An exact restatement of the entire listing is needed, excluding all images.

* AVAILABLE DATA *
*** Block opens ***

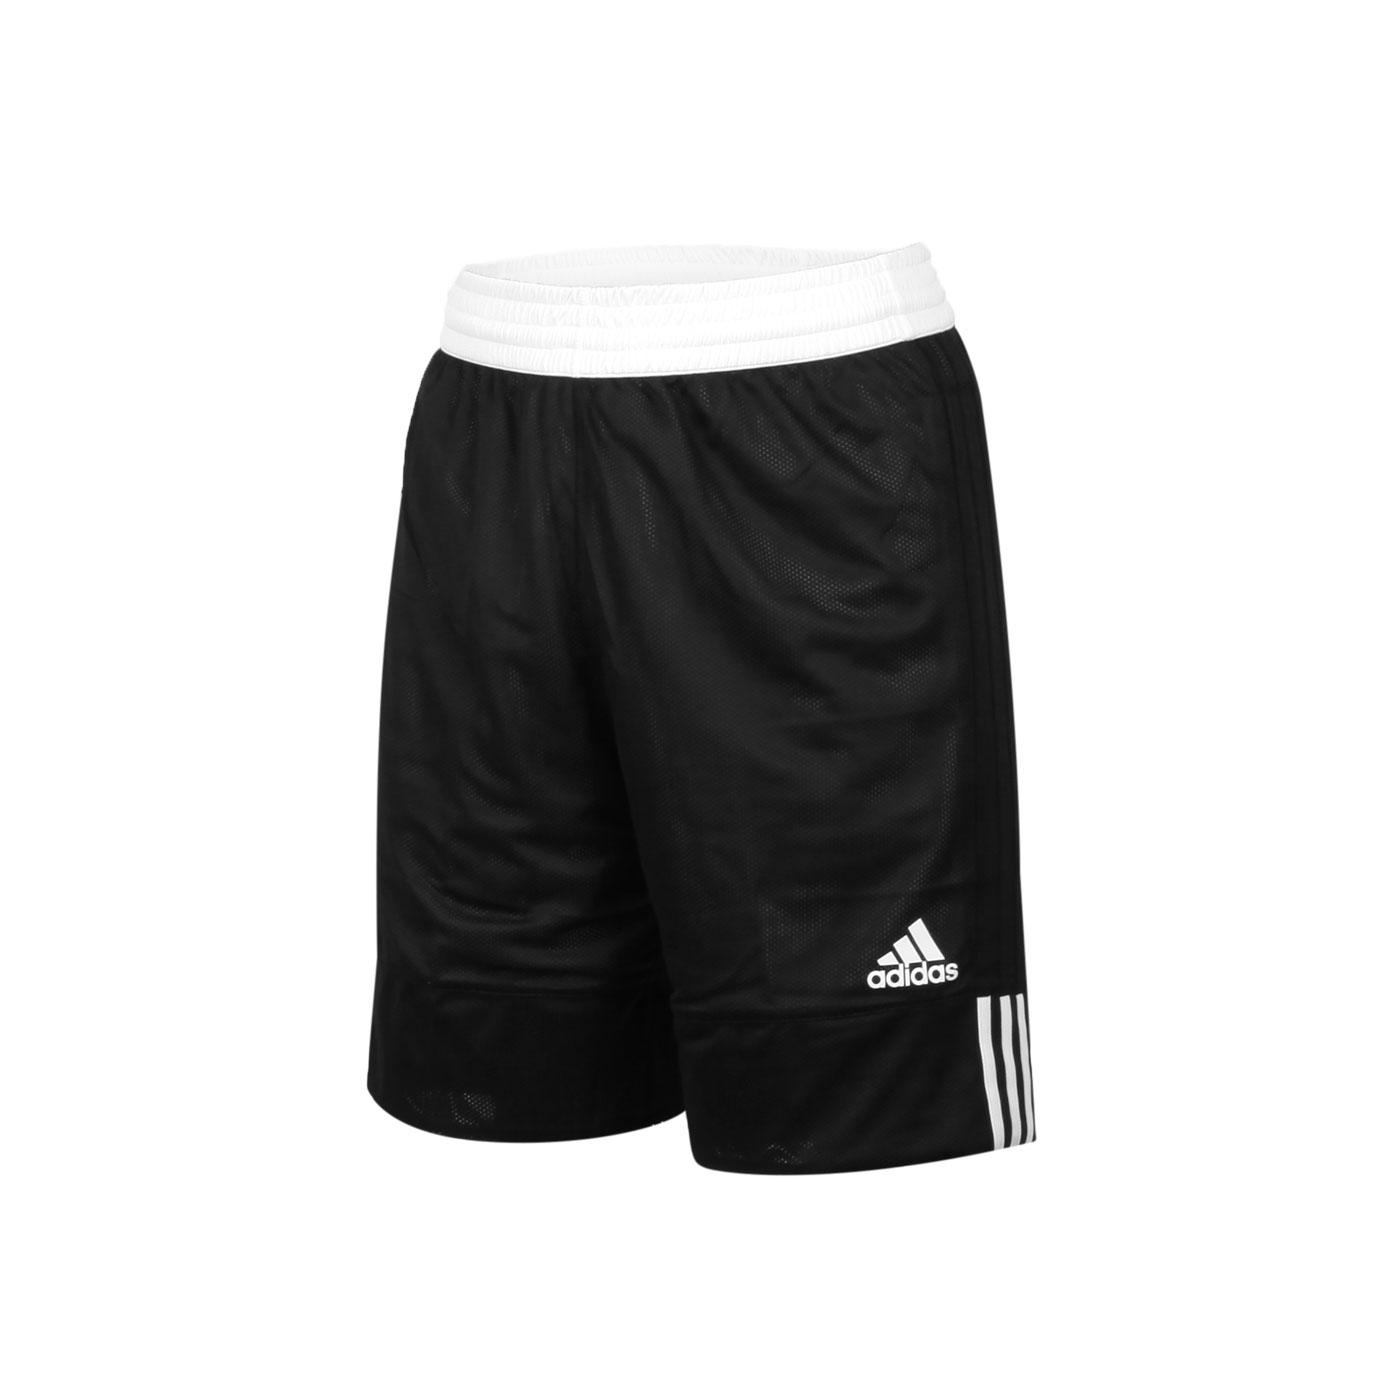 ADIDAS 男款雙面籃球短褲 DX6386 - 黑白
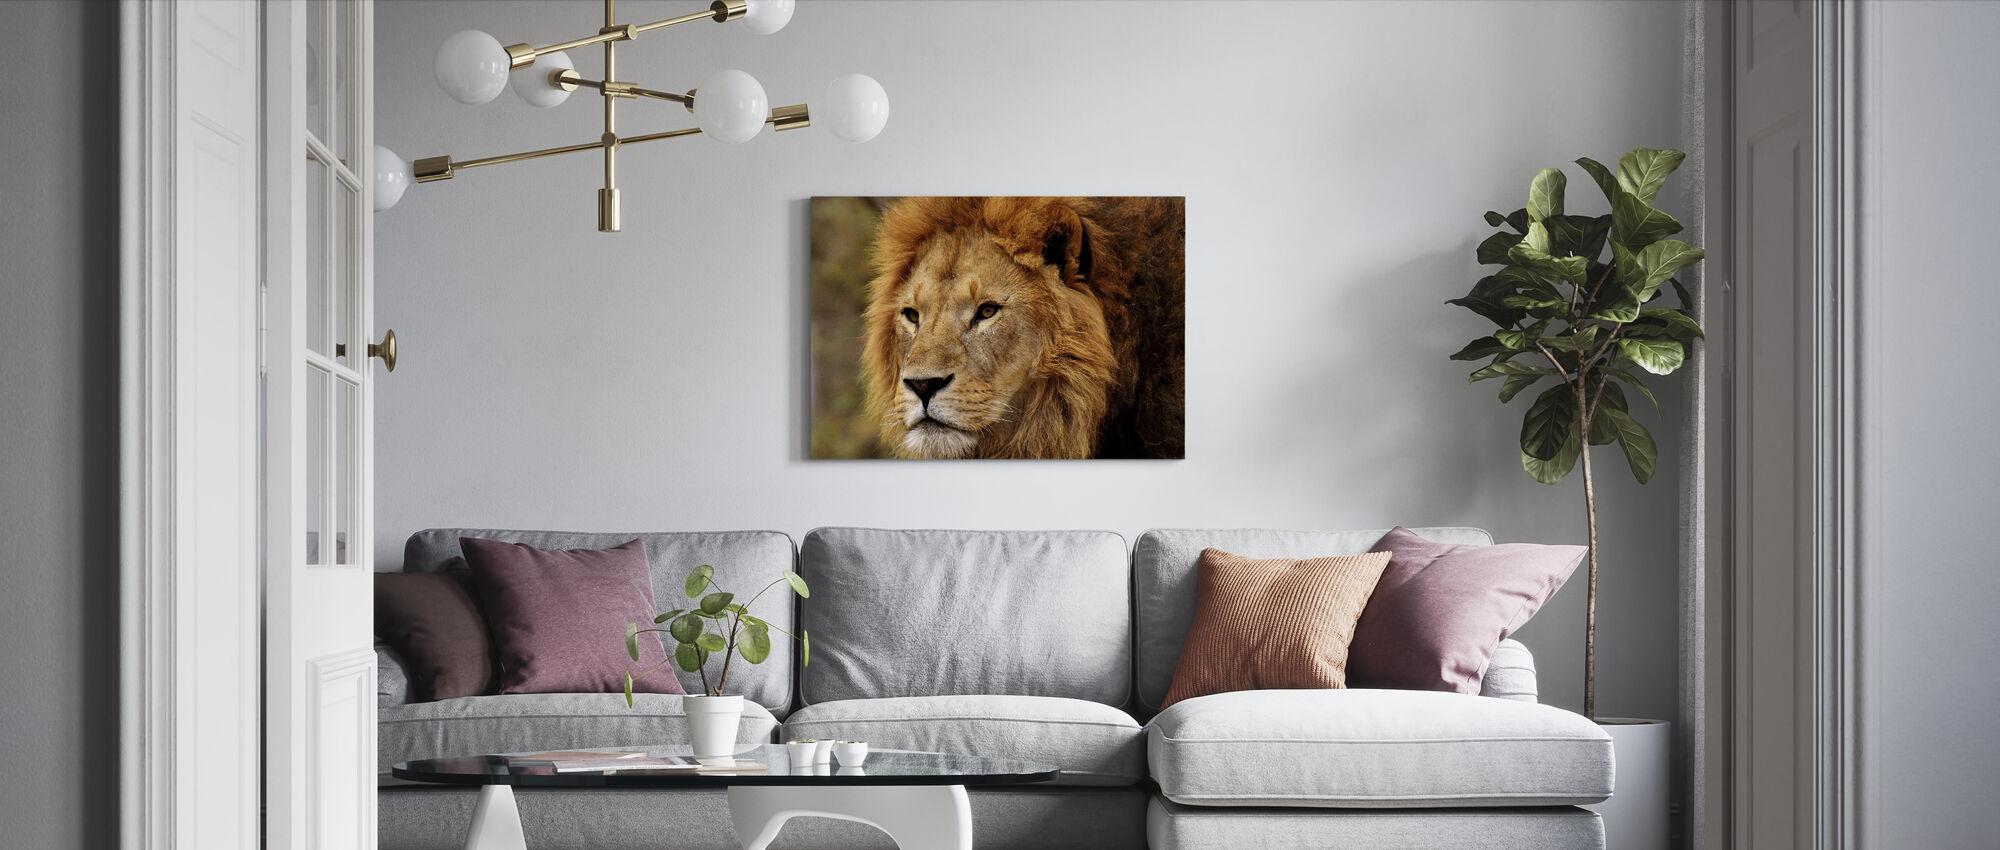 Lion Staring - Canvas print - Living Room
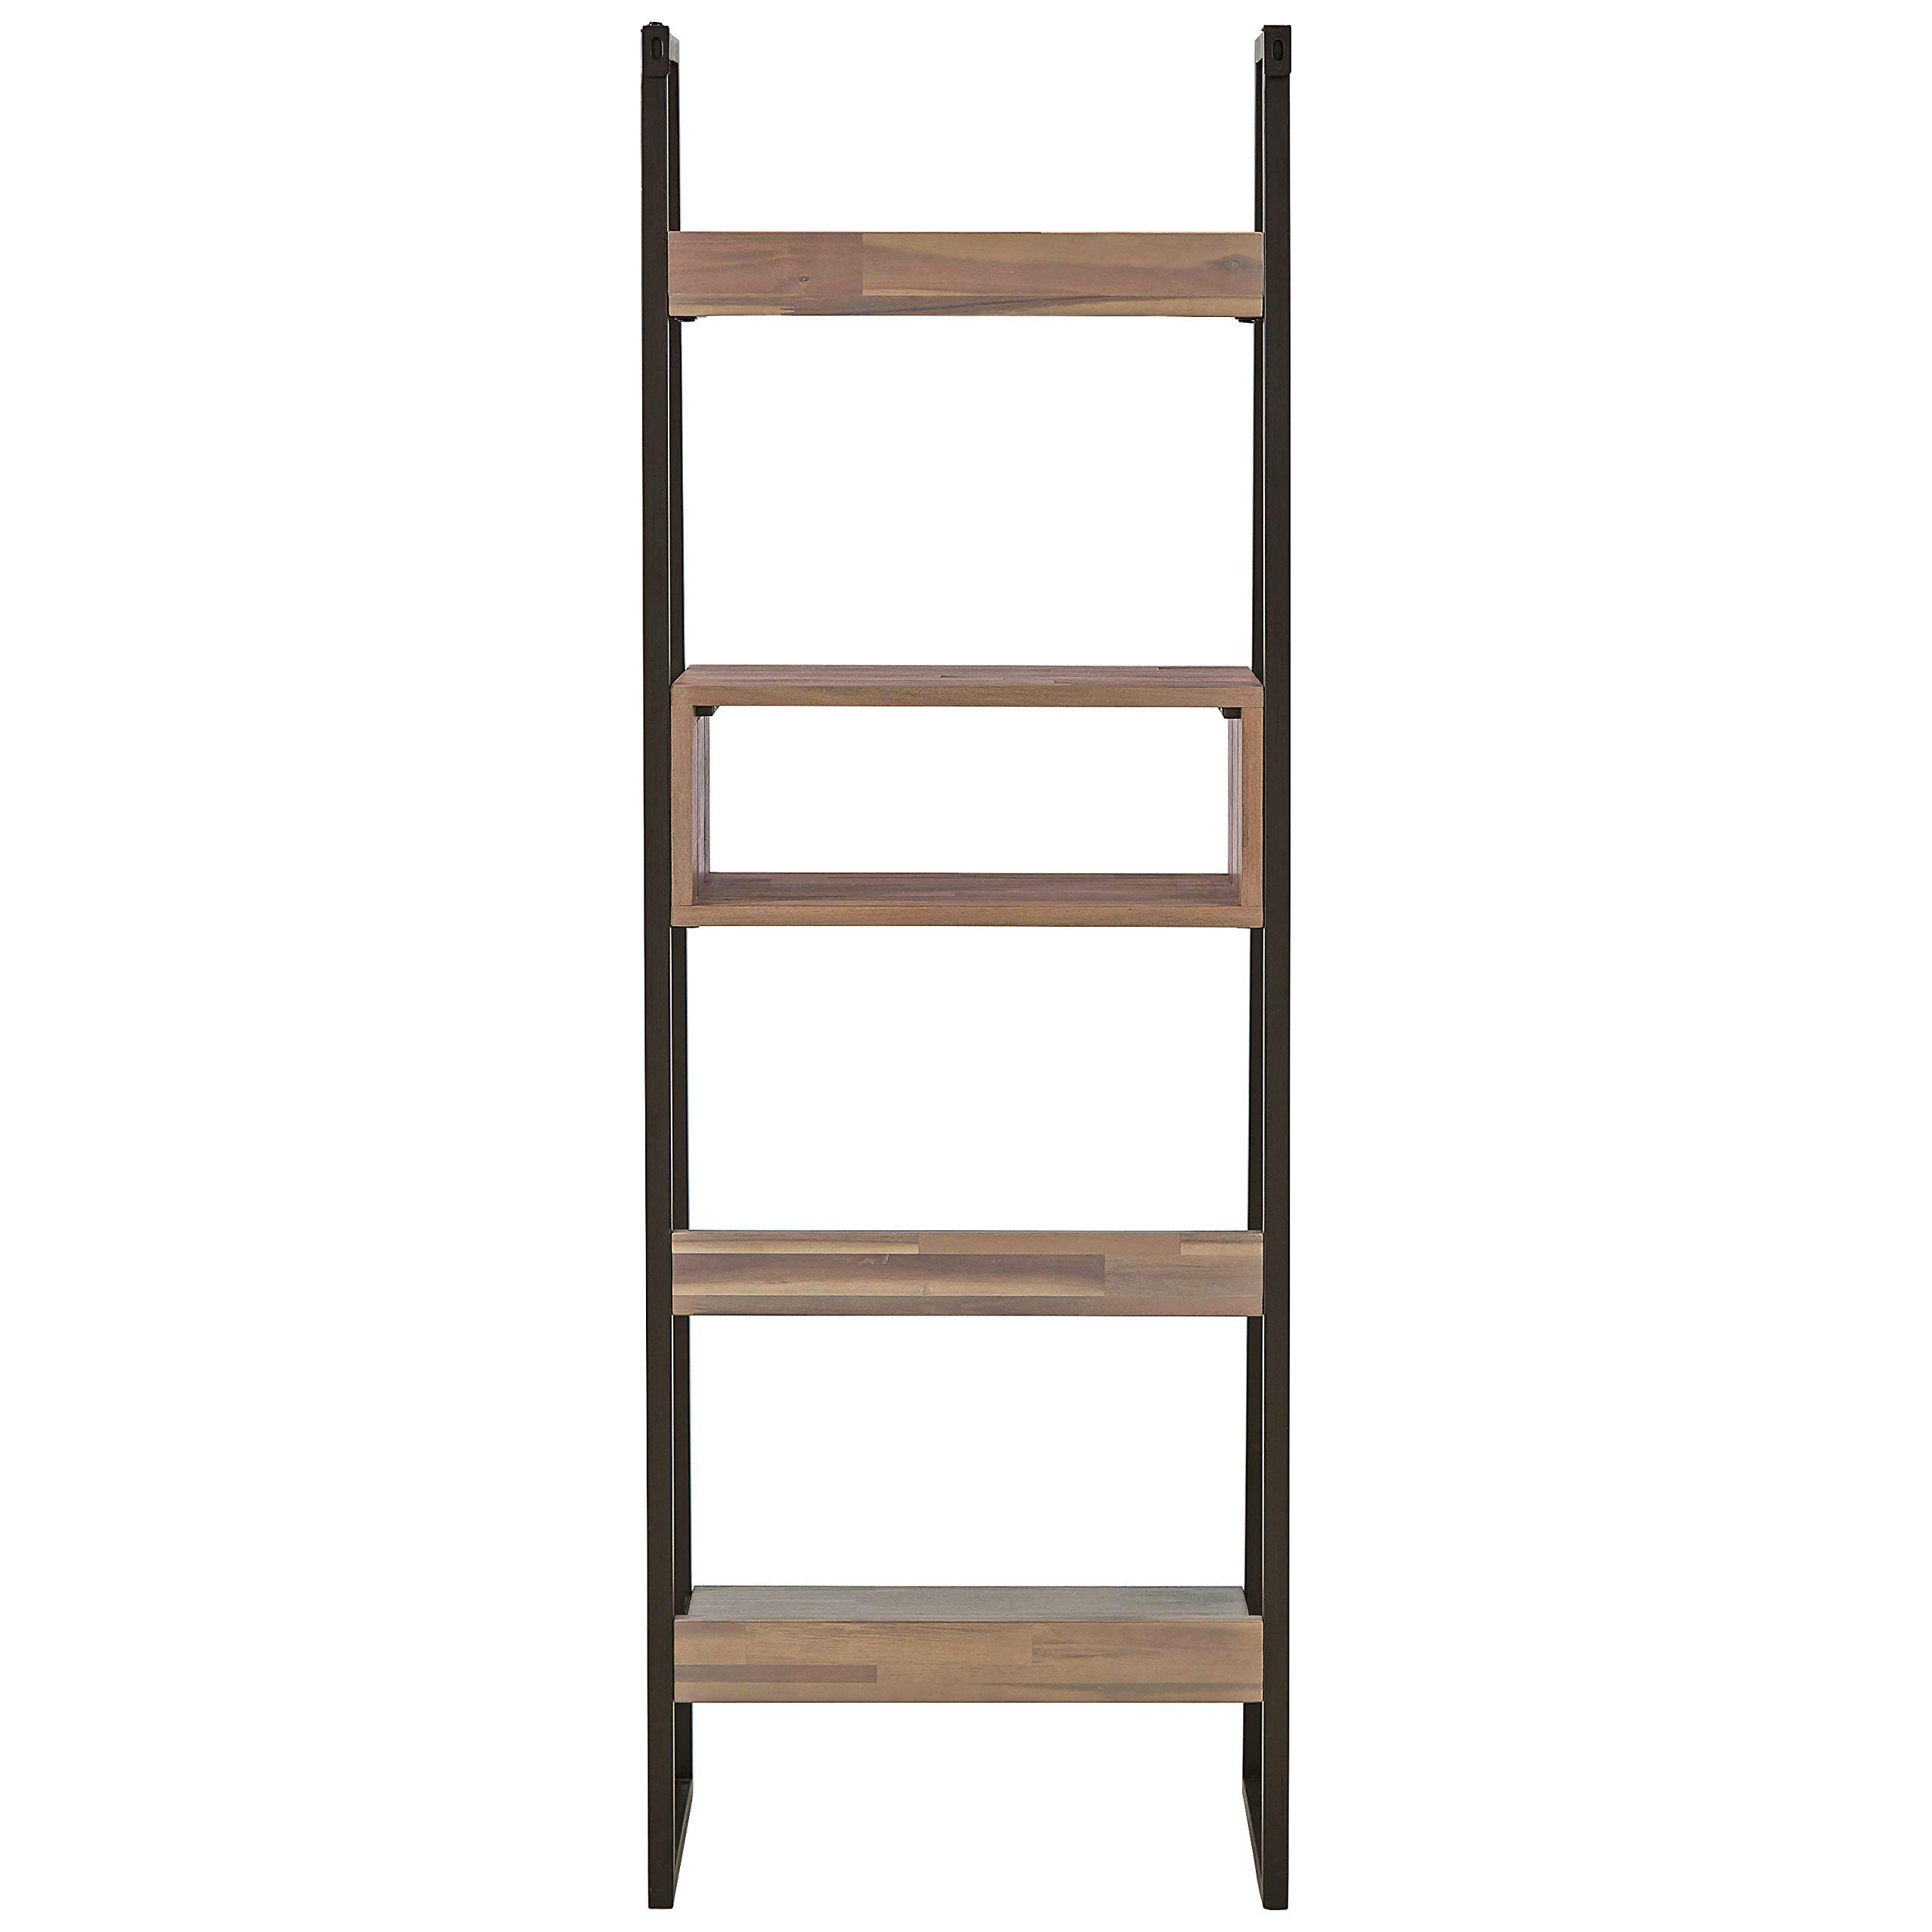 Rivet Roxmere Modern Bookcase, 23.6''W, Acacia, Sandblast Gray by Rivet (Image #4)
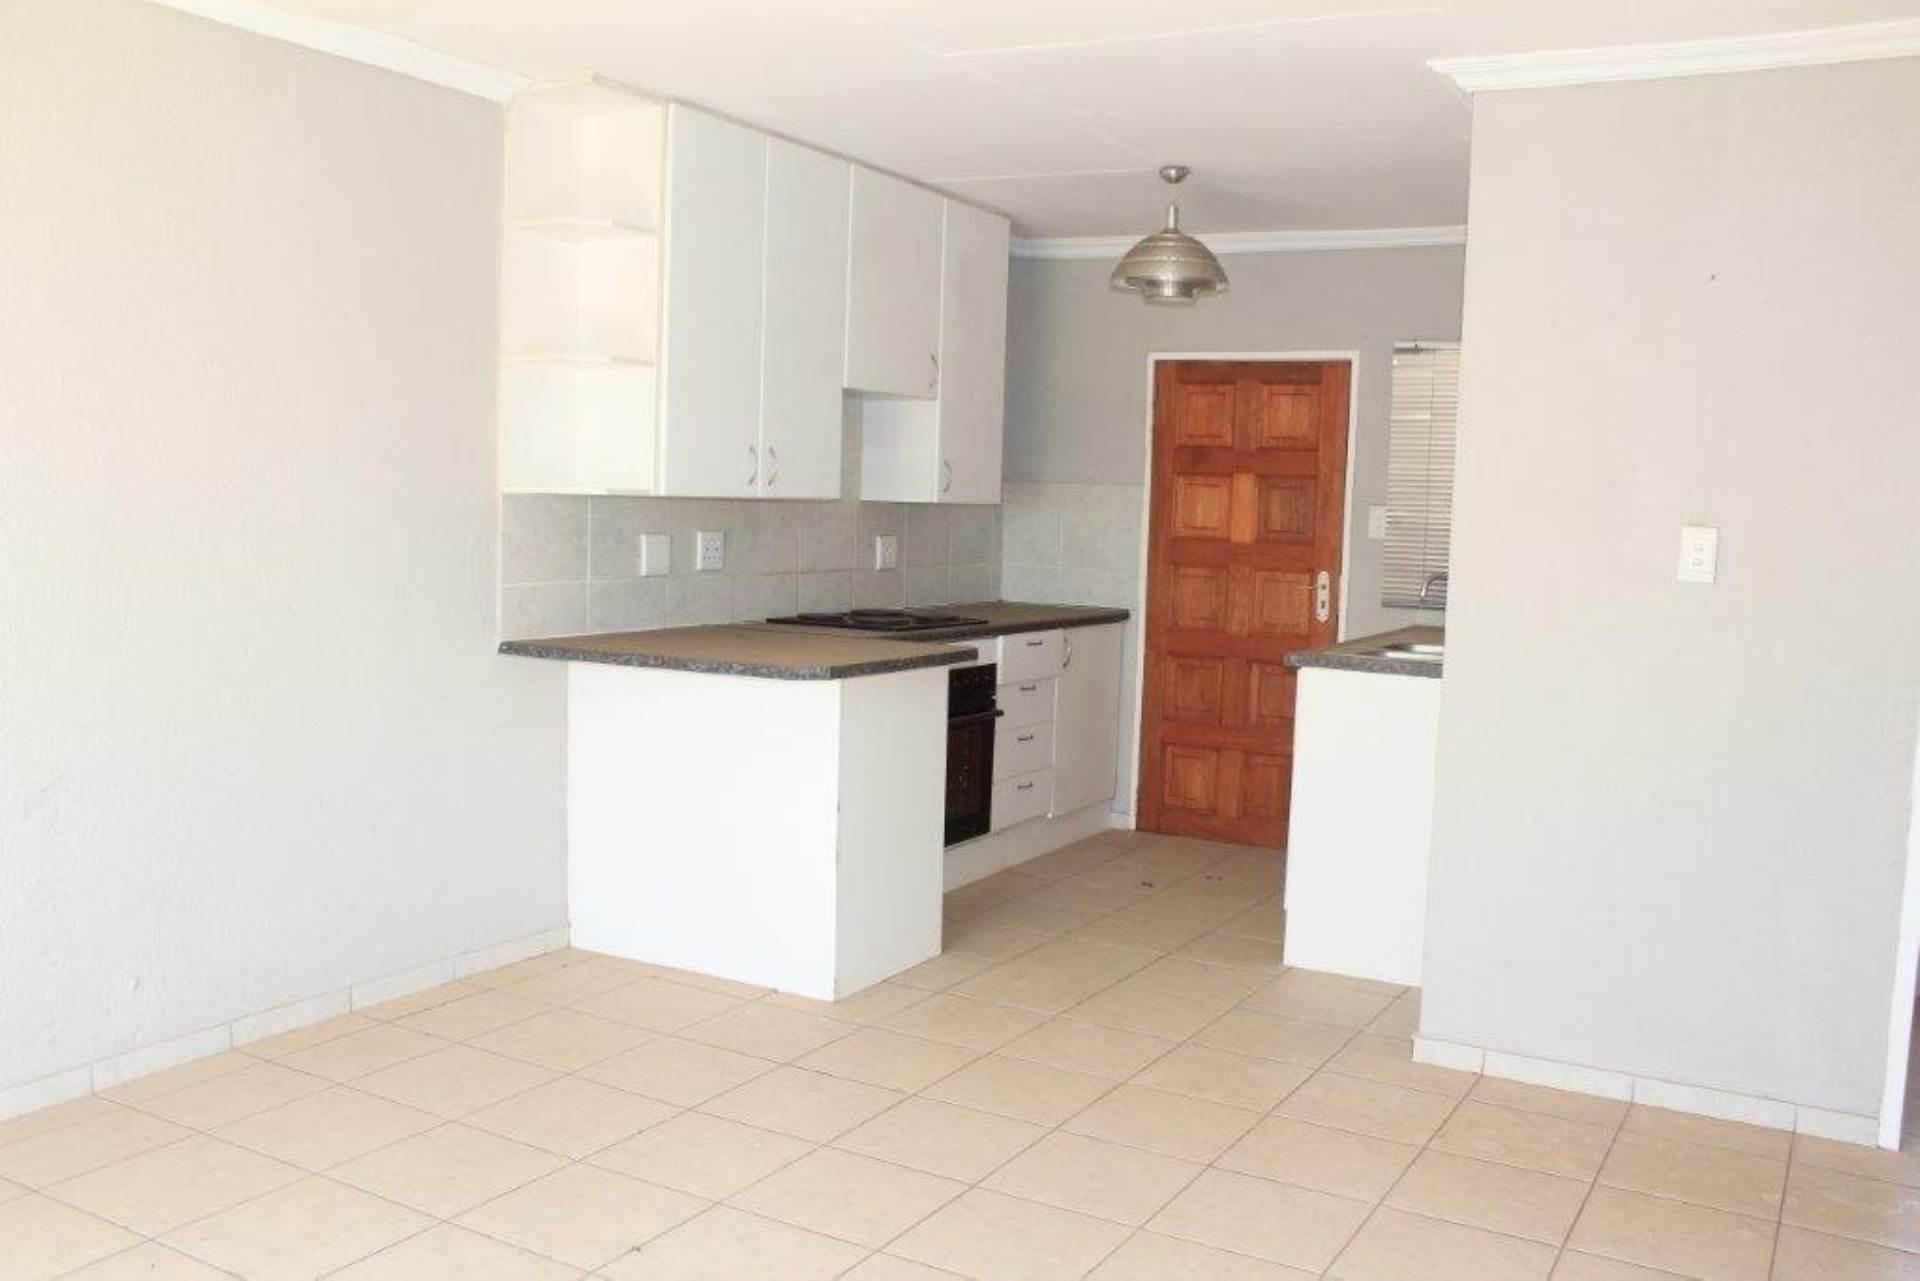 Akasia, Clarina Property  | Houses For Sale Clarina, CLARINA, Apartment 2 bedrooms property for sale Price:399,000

*** Block closes ***

* OUTPUT BELOW *
 ADIDAS 男款雙面籃球短褲 DX6386 - 黑白
 Lion Staring - Canvas print - Living Room
 Rivet Roxmere Modern Bookcase, 23.6''W, Acacia, Sandblast Gray by Rivet (Image #4)
 Akasia, Clarina Property  | Houses For Sale Clarina, CLARINA, Apartment 2 bedrooms property for sale Price:399,000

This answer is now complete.